Matt Carroll edited this page Oct 11, 2023 · 3 revisions

Swift UI includes a concept called "modifier methods". Modifier methods are used to accomplish two distinct goals in Swift UI.

  • First, they're called on a view to adjust the styles of that view, e.g., bold text, padding, frame size.
  • Second, they're used to configure ancestor views, e.g., changing the page title from deep down in the view tree.

The swift_ui package doesn't use modifier methods. Here's why

Without modifier methods, the swift_ui package needs approaches to accomplish the same goals by way of Flutter's traditional widget composition system. This post describes how to do that.

Styling, sizing, and positioning content

Wherever Swift UI styles, sizes, and positions content with modifier methods, the swift_ui package uses widget composition.

The following examples demonstrate ways in which Swift UI code might be ported to Flutter within the swift_ui package.

Example 1

Text("Turtle Rock")
  .font(.title)
  .foregroundColor(.green)
// Hypothetical widget version
ForegroundColor(
  Colors.green,
  child: Font(
    Labels.title,
    child: Text("Turtle Rock"),
  ),
);

Example 2

Ellipse()
  .fill(Color.purple)
  .frame(width: 200, height: 100)
// Hypothetical widget version
Frame(
  width: 200,
  height: 100,
  child: Fill(
    Colors.purple,
    child: Ellipse(),
  ),
);

Note: At first glance, the widget code feels a lot more verbose.
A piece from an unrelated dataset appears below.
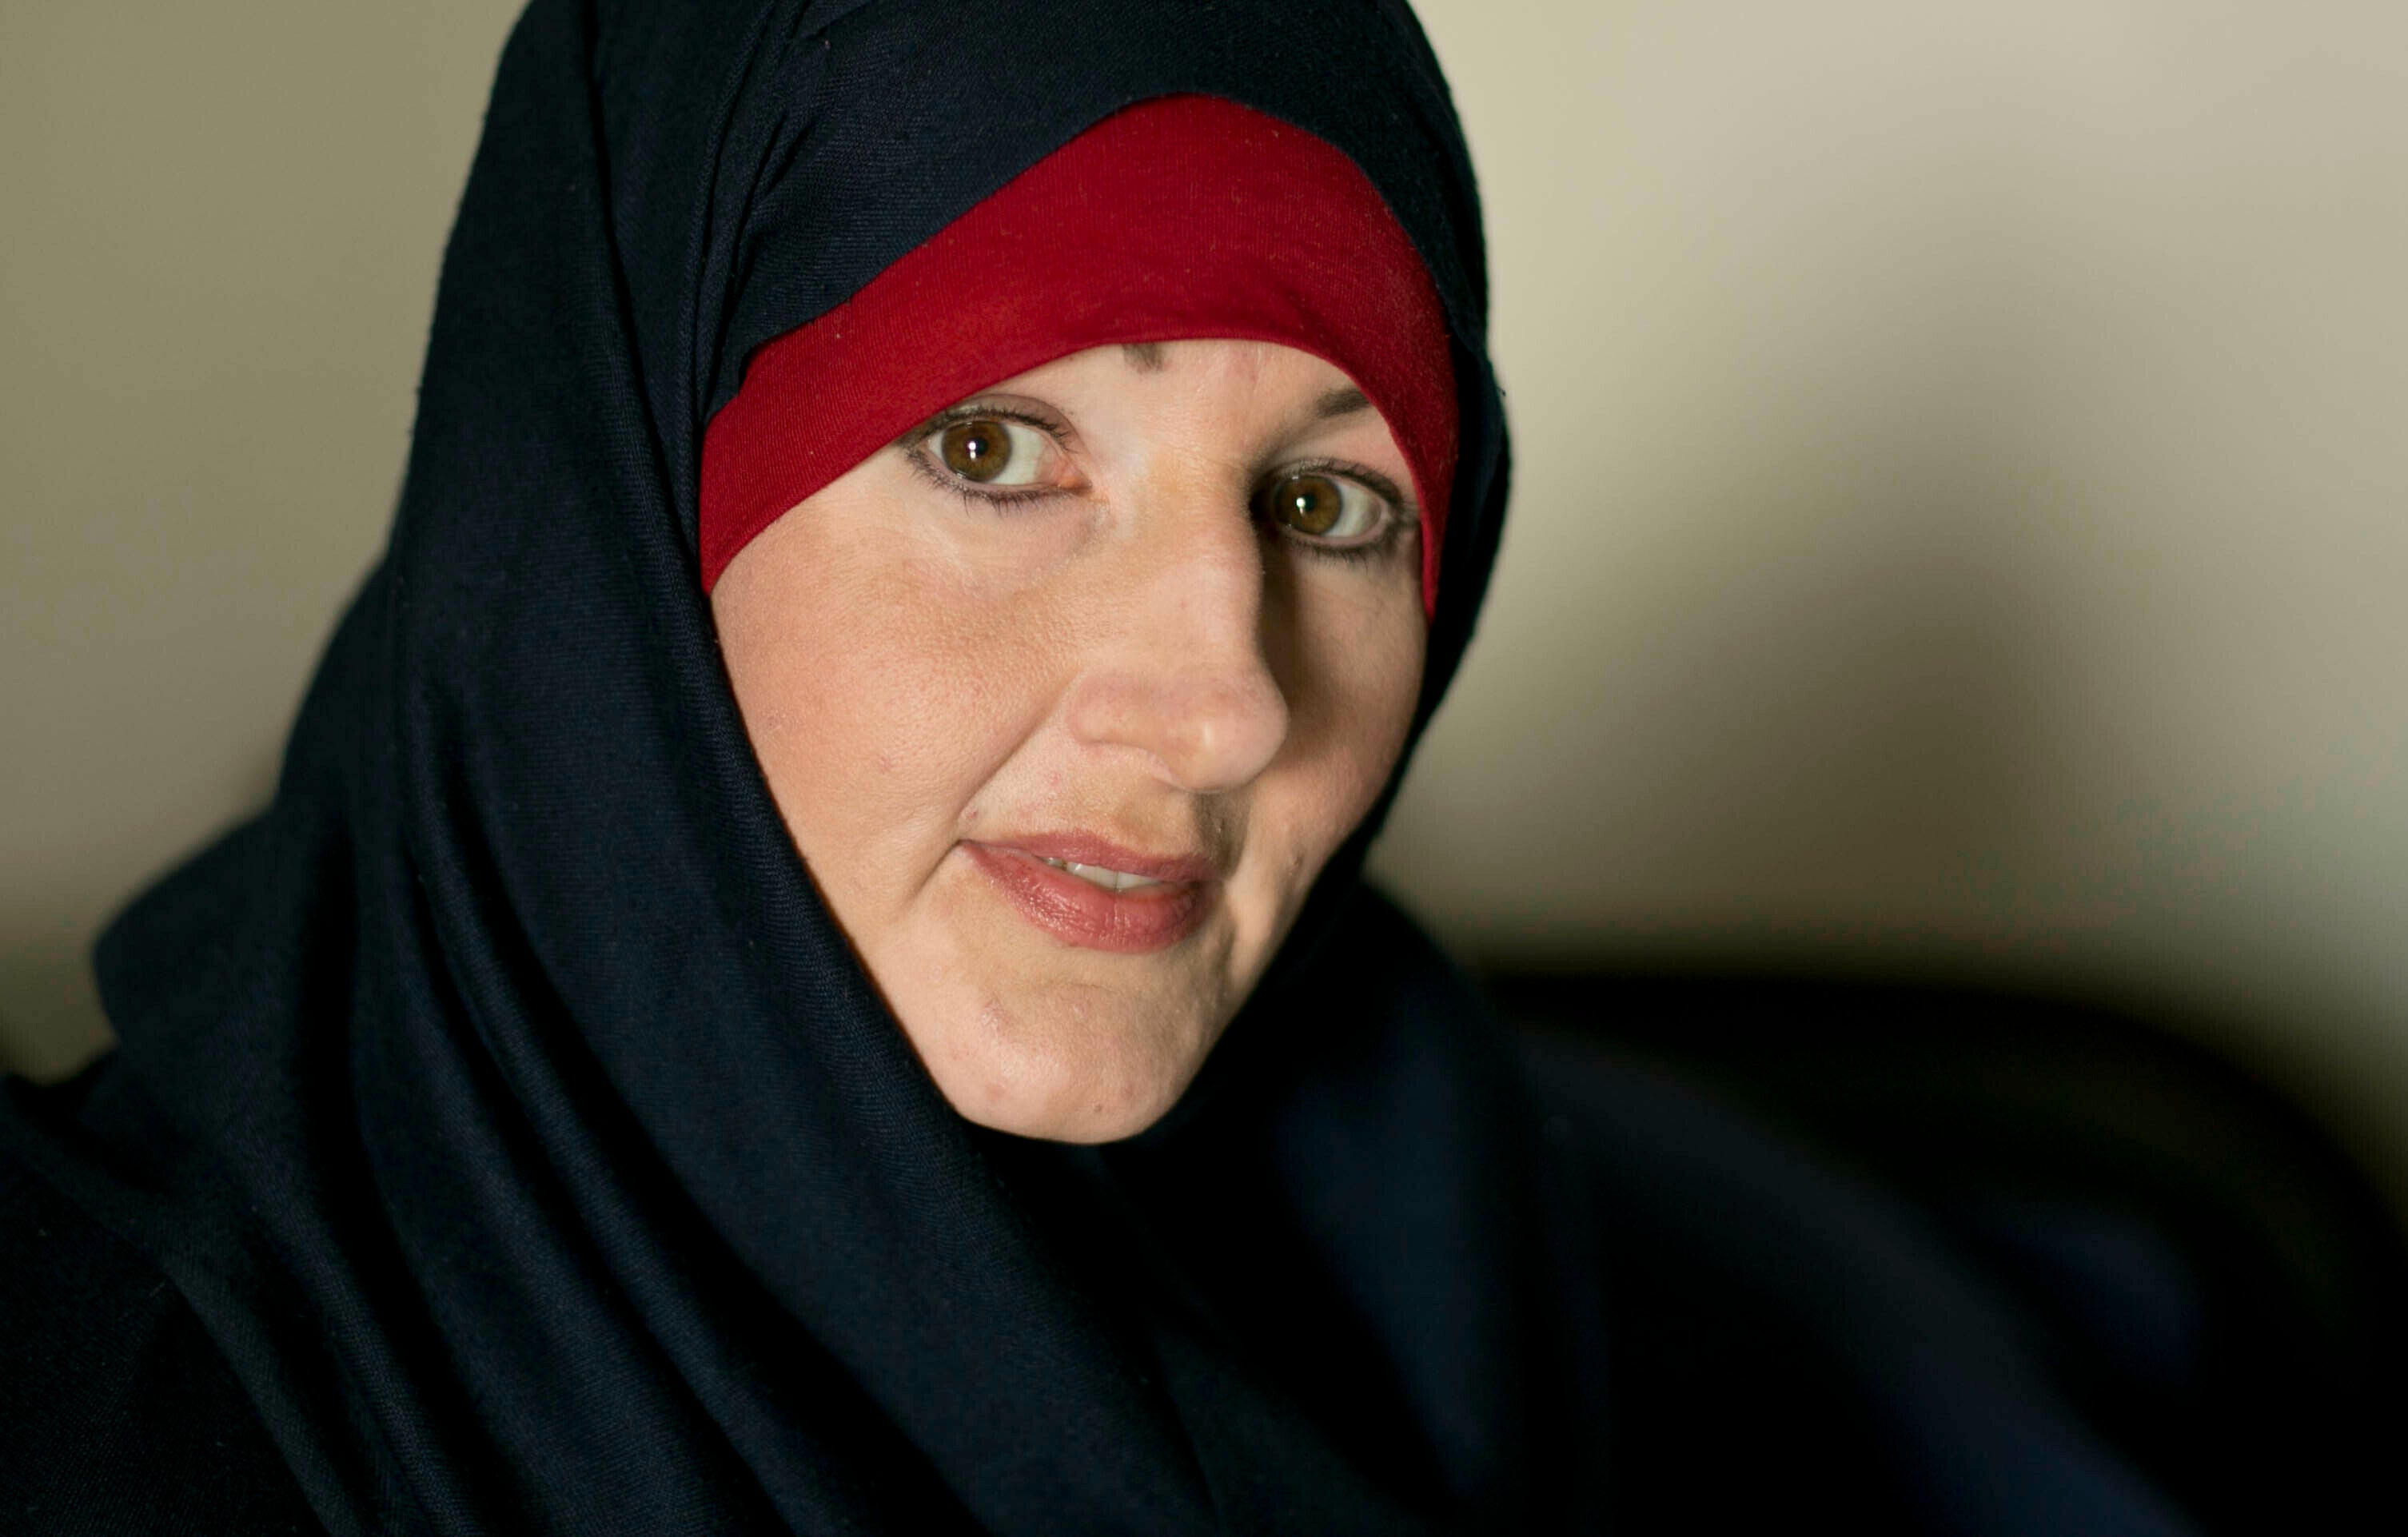 A woman poses wearing a hijab

This is largely the result of Flutter's style of placing one property per line, combined with the convention of giving child widgets a property named child. In practice, when working with the complexity of a real UI project, this difference in verbosity is negligible. It's only a concern in very small snippets like this.

Changing ancestor UX

One of the more unusual behaviors in Swift UI is the use of modifier methods to change the UX of ancestors. A common example the use of a modifier method deep down in a view tree to change the title in the navigation bar.
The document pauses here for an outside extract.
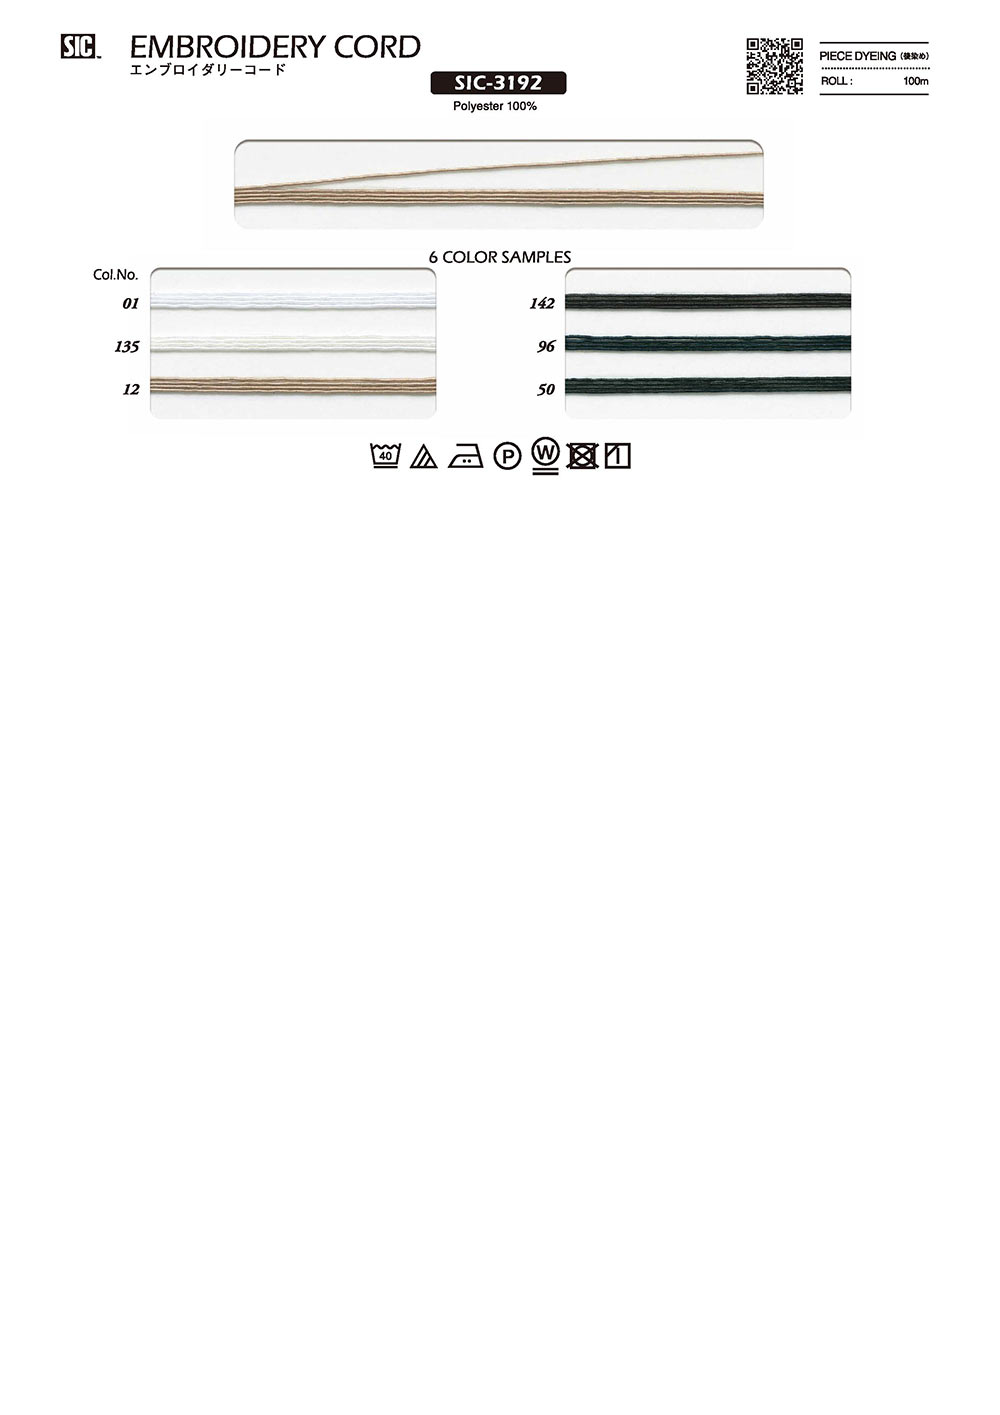 SIC-3192 Embroidery Cord[Ribbon Tape Cord] SHINDO(SIC)

struct ContentView: View {
    var body: some View {
        NavigationView {
            VStack {
                Text("Hello, world!")
                    .navigationBarTitle("Navigation 1")
            }
            .padding()
        }
    }
}

Notice the .navigationBarTitle() modifier method that's called on Text. What does navigationBarTitle() have to do with Text? Well...nothing. Instead, that navigationBarTitle() modifier method changes the title for the entire NavigationView. Notice that there are multiple descendent view's: NavigationView > Padding > VStack > Text > .navigationBarTitle(). Despite the fact that navigationBarTitle() is buried deep within the tree, that method still successfully causes the ancestor NavigationView to change its title.

In practice, it's unclear if this pattern of behavior is even a good idea. Modifier methods, which alter ancestor configuration, can easily create confusion based on execution order. For example, consider the following alternative Swift UI view:

struct ContentView: View {
    var body: some View {
        NavigationView {
            VStack {
                Text("Hello, world!")
                    .navigationBarTitle("Navigation 1")

                Text("Hello, world 2!")
                    .navigationBarTitle("Navigation 2")
            }
            .padding()
        }
    }
}

Modifier methods make it easy to accidentally bury ancestor configuration in multiple, unrelated views, leading to unexpected and perhaps undefined behavior. Given the example above, what do you think appears as the title for the NavigationView?

One might assume that the title would be "Navigation 2", because that's the last line of code to run. However, it was found experimentally that the title is "Navigation 1". It's unclear why this is the case, how a developer would know it's the case, and why such modifier methods would be considered a healthy developer tool.

Nonetheless, an honest port of Swift UI needs to make it possible to alter something like a navigation bar from a descendent location.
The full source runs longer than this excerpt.